Те два года — первый, когда Мачо вернулся в город изучать право, и второй, когда он стал любовником Кончи Видаль, — для остального мира были годами агонии и террора, блицкригов и концлагерей, но для манильцев эти годы были всего лишь эпохой буги-вуги, маджонга и платьев с вырезом на животе. Уныние тридцатых годов осталось позади, снова настали веселые времена, гул войны доносился сюда приглушенно; у манильцев были деньги, была уверенность в себе и был американский флот. И в этом светлом, радостном мире только над Мачо и Кончей Видаль сгущались тучи. То, что началось как случайная интрижка, превратилось в нечто посерьезнее: они полюбили друг друга, а это, конечно же, было излишне. Завести роман считалось даже модным, это означало добродушные шутки друзей, излюбленные столики в ночных клубах, беззлобные, в сущности, высказывания: «Конча Видаль совсем потеряла голову, и ей абсолютно наплевать, что все это видят». Но любовь была позором, любовь надо было скрывать, любовь означала нервы и слезы, бессонницу и дикие, исступленные письма, агонию и ужас. Когда все чувствовали себя в безопасности, эти двое ощущали тревогу; когда все были полны уверенности, эти двое боялись грядущего и не утешали себя надеждами на присутствие американского флота.
Отчаянный светский повеса стал собранным и серьезным; она похудела, начала больше пить и уже не походила на женщину, способную станцевать экзотический танец с гроздью бананов на голове. В их любви был привкус недозволенного — «она ему в матери годится», «май и декабрь», «молодое вино и старые мехи», — и поэтому она сама сказала ему, что рано или поздно, может быть уже через год, они устанут друг от друга; но год прошел, а их страсть осталась прежней; неодобрение окружающих сменилось открытой враждебностью; и они стали поговаривать о том, чтобы вместе уехать куда-нибудь. На его настойчивые уговоры она с плачем отвечала, что обязана подумать о дочери. Конни тогда шел девятый год, и она боготворила мать. Бросить дочь значило разбить ее сердце, но и взять ребенка с собой в запретное путешествие за границу было бы не менее жестоко.
В это время отца Мачо разбил паралич. Мачо немедленно вылетел на юг, где в огромном запущенном доме умирал его отец среди пустых бутылок, грязных башмаков и ссорящихся слуг. Накануне смерти отца (а тому потребовалась неделя, чтобы отойти в лучший мир) он получил письмо от Кончи. Он виделся с ней перед отъездом и вынудил ее принять решение: дочку она оставит в Маниле, а они уедут за границу, как только он вернется из провинции, что бы там ни случилось. Наконец-то покончив с неопределенностью, Конча почувствовала облегчение и даже, развеселившись, потащила его прощаться с полыхающими деревьями — снова было лето, — и она смеялась, как девочка на воскресной прогулке, когда он вытаскивал у нее из-за шиворота красные лепестки и толстых зеленых гусениц.
А теперь она писала, что решила ехать одна и что, когда он получит письмо, она будет уже далеко. Она все тщательно обдумала, она не может губить его жизнь, не может губить жизнь своей дочери — она слишком любит их обоих. Мачо должен подумать о своей карьере, заняться своим имением и поскорее жениться на девушке из хорошей семьи. И ему лучше всего сразу же сказать об этом отцу — старик перестанет беспокоиться и выздоровеет.

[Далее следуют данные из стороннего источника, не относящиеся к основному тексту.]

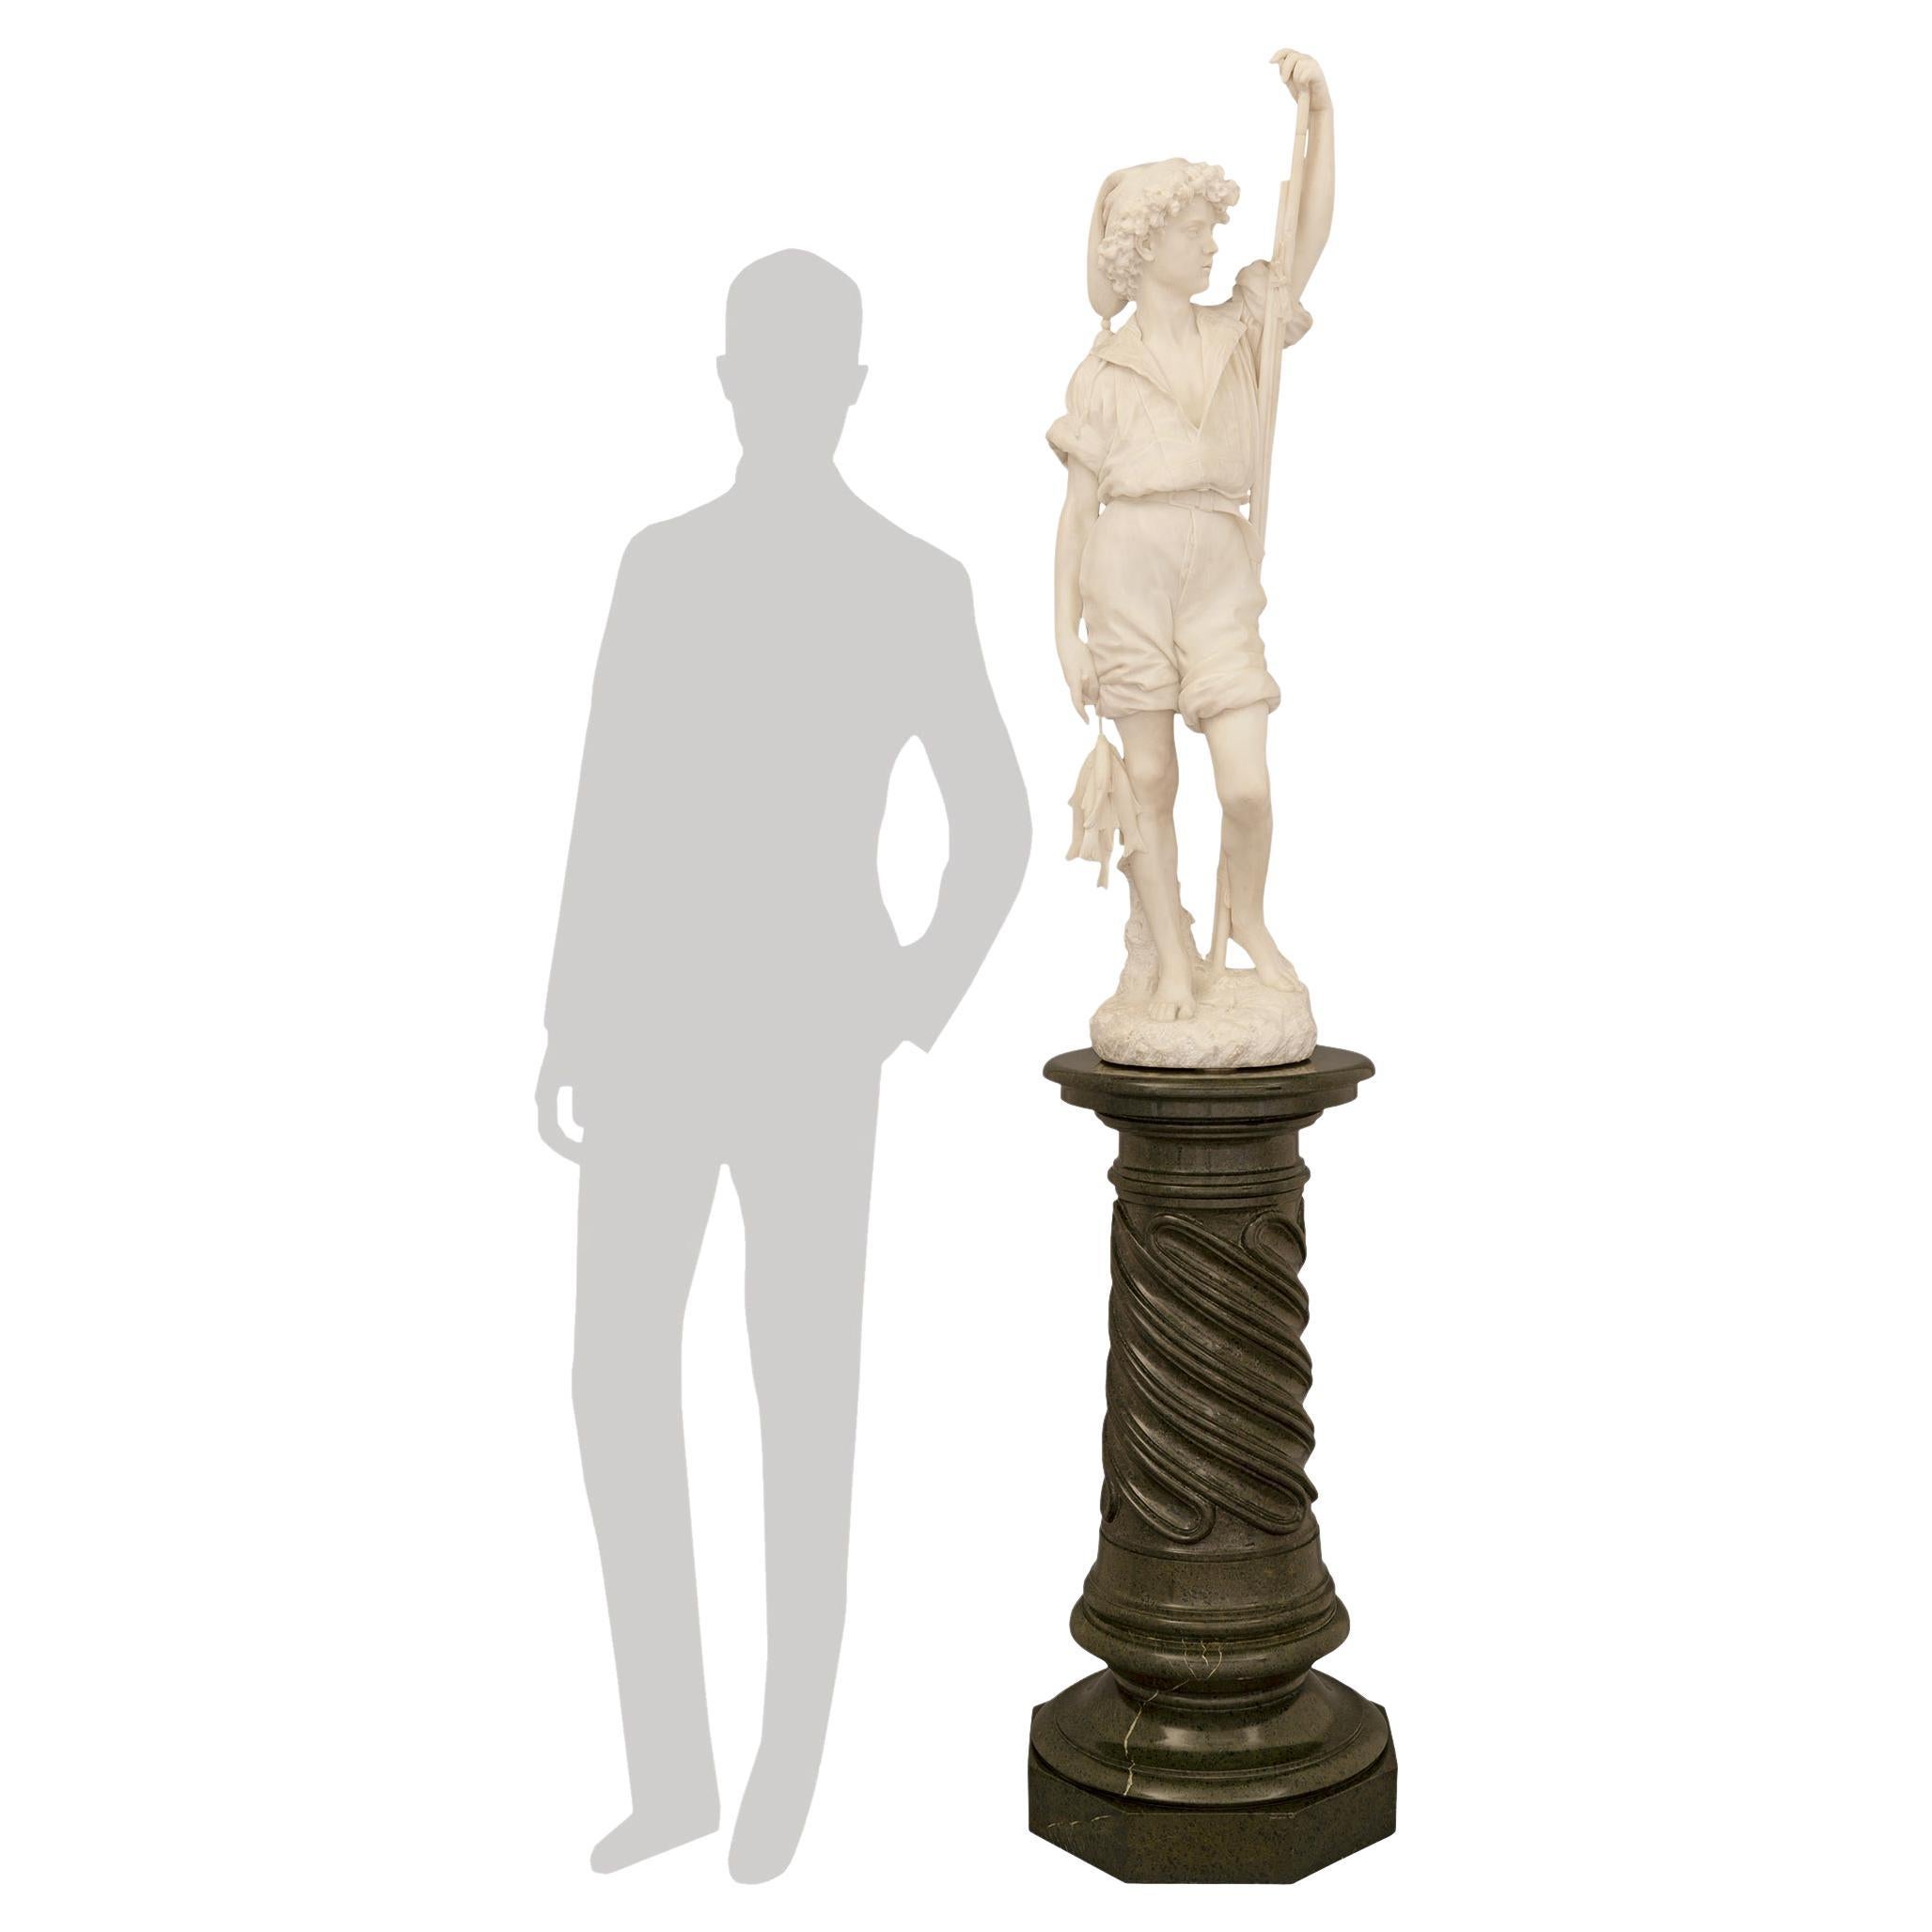 Italian 19th Century Marble Statue of a Fisher Boy on a Marble Pedestal

Мачо скомкал письмо, швырнул его в ночной горшок и вернулся к постели больного. Отец действительно был обеспокоен. Перед смертью старый развратник вдруг превратился в библейского патриарха, пекущегося исключительно о продолжении рода; как только Мачо приехал, отец вцепился в него и со слезами умолял бросить «эту старую шлюху» и жениться на девушке, которая родит ему сыновей. Но письмо Кончи пришло слишком поздно — старик уже не приходил в сознание.
После смерти отца Мачо не вернулся в город и окончательно забросил учебу. Он пошел по стопам отца, и скоро крестьяне в крытых травой хижинах почувствовали то, что чувствовали поколения крестьян до них: старый хозяин не умер, хозяева вообще не умирают, они просто стареют, а потом снова молодеют, и они всегда, неизбежно здесь — в рубашках цвета хаки, в красных сапогах, с кнутом в руках и с пистолетом за поясом, — они все так же охотятся, пьют и развратничают, они вечно живут в большом доме, который тоже стоит вечно, полный кресел-качалок и мерзости запустения. Мачо казался крестьянам даже хуже своих предков: он редко бывал спокоен, редко бывал трезв и каждый вечер ложился в постель в грязных сапогах.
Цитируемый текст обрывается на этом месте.